Donald Smith

Personal information
- Full name: Donald Victor Smith
- Born: 14 June 1923 Broadwater, Sussex, England
- Died: 10 January 2021 (aged 97) Adelaide, Australia
- Batting: Left-handed
- Bowling: Left-arm medium-pace

International information
- National side: England;

Career statistics
| Competition | Tests | First-class |
| Matches | 3 | 377 |
| Runs scored | 25 | 16,960 |
| Batting average | 8.33 | 30.33 |
| 100s/50s | –/– | 19/88 |
| Top score | 16* | 206* |
| Balls bowled | 270 | 22,233 |
| Wickets | 1 | 340 |
| Bowling average | 97.00 | 28.44 |
| 5 wickets in innings | – | 6 |
| 10 wickets in match | – | 1 |
| Best bowling | 1/12 | 7/40 |
| Catches/stumpings | –/– | 234/– |
- Source: Cricinfo

= Donald Smith (cricketer, born 1923) =

English cricketer (1923–2021)

Donald Victor Smith (14 June 1923 – 10 January 2021) was an English cricketer, who played in three Tests for England in 1957. He was born in Broadwater, Sussex, England. The cricket writer, Colin Bateman, commented that "Sri Lanka's historic first victory over England early in 1993 will have given at least one English Test player a certain amount of satisfaction. Don Smith, a steady left-handed opener capable of some useful seam bowling, became Sri Lanka's national coach in the late 1980s".

==Life and career==
A left-handed all-rounder who played for Sussex as a batsman and, later in his career, as a medium pacer, he scored over 1,500 runs in 1950 to establish himself in their first team. Equally adept at opening the batting, or scoring runs in the middle order as required, Smith's bowling blossomed at the age of 32 when he took 73 wickets, and more good form in 1957, saw him selected for England against the West Indies. Although he found little success in his three Tests against them (amassing 25 runs in four innings), he did score 147 for his county against the tourists, and finished the 1957 season with 2088 runs and five centuries.

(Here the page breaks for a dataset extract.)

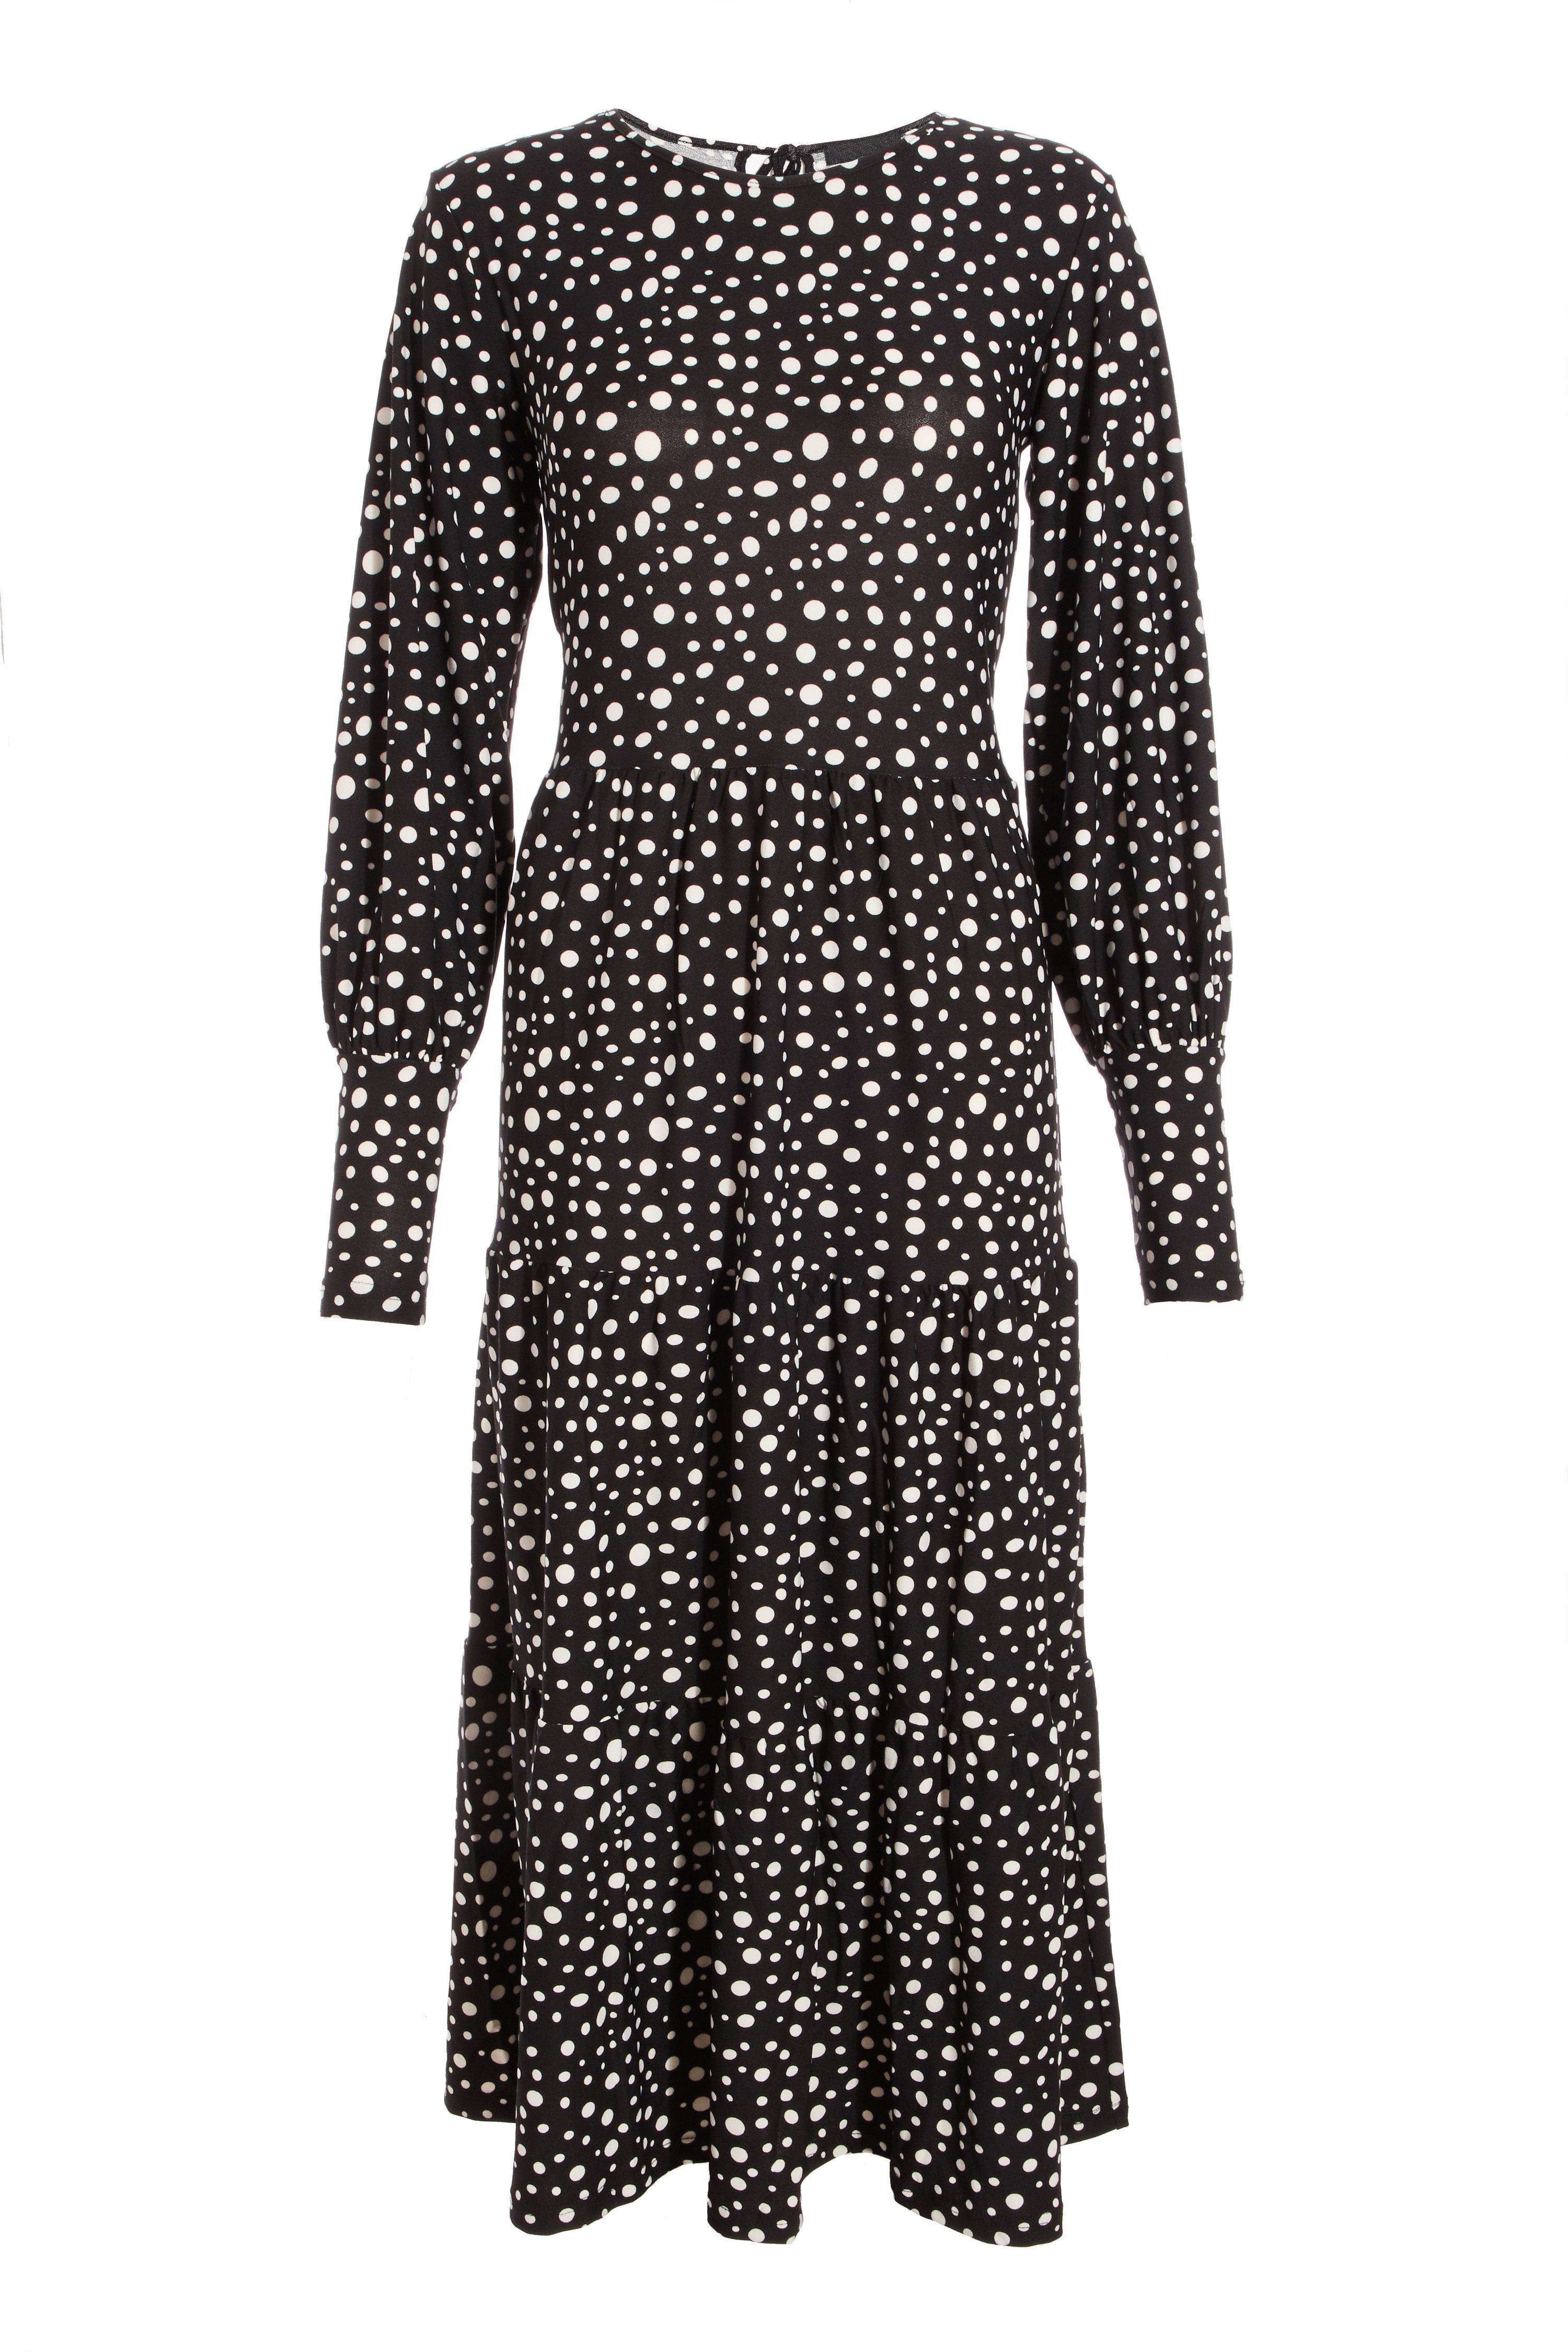 Black Spot Print Tiered Midi Dress - Quiz Clothing
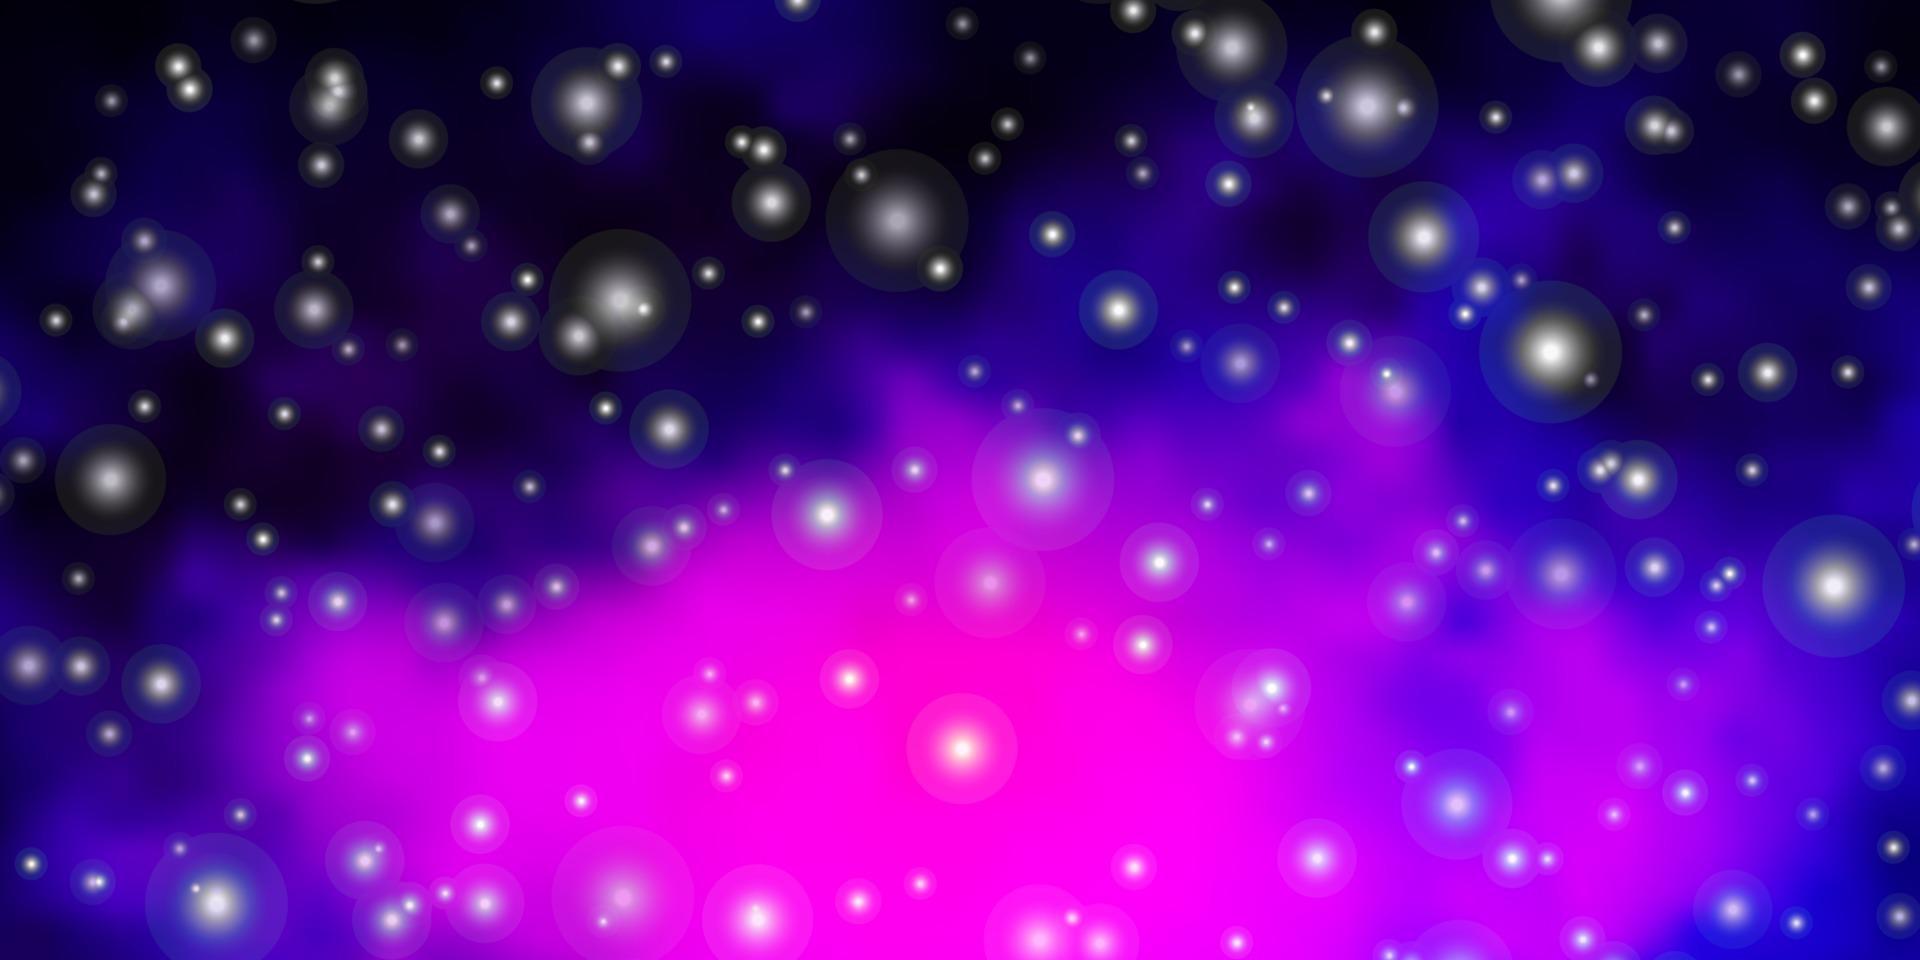 trama vettoriale rosa scuro, blu con bellissime stelle.

After retiring from playing cricket in 1962, Smith became the coach and groundsman at Lancing College, before coaching Sri Lanka in their early days of Test cricket. He emigrated to Australia in 1986 to live in Adelaide. In Adelaide, he was coach of the Ingle Farm District Cricket Club for around 18 months, commencing in the 1985/86 season. On the death of Reg Simpson in November 2013, he became the oldest living English Test cricketer.

Smith died in January 2021 at the age of 97. Following his death, Ian Thomson became England's oldest living Test cricketer.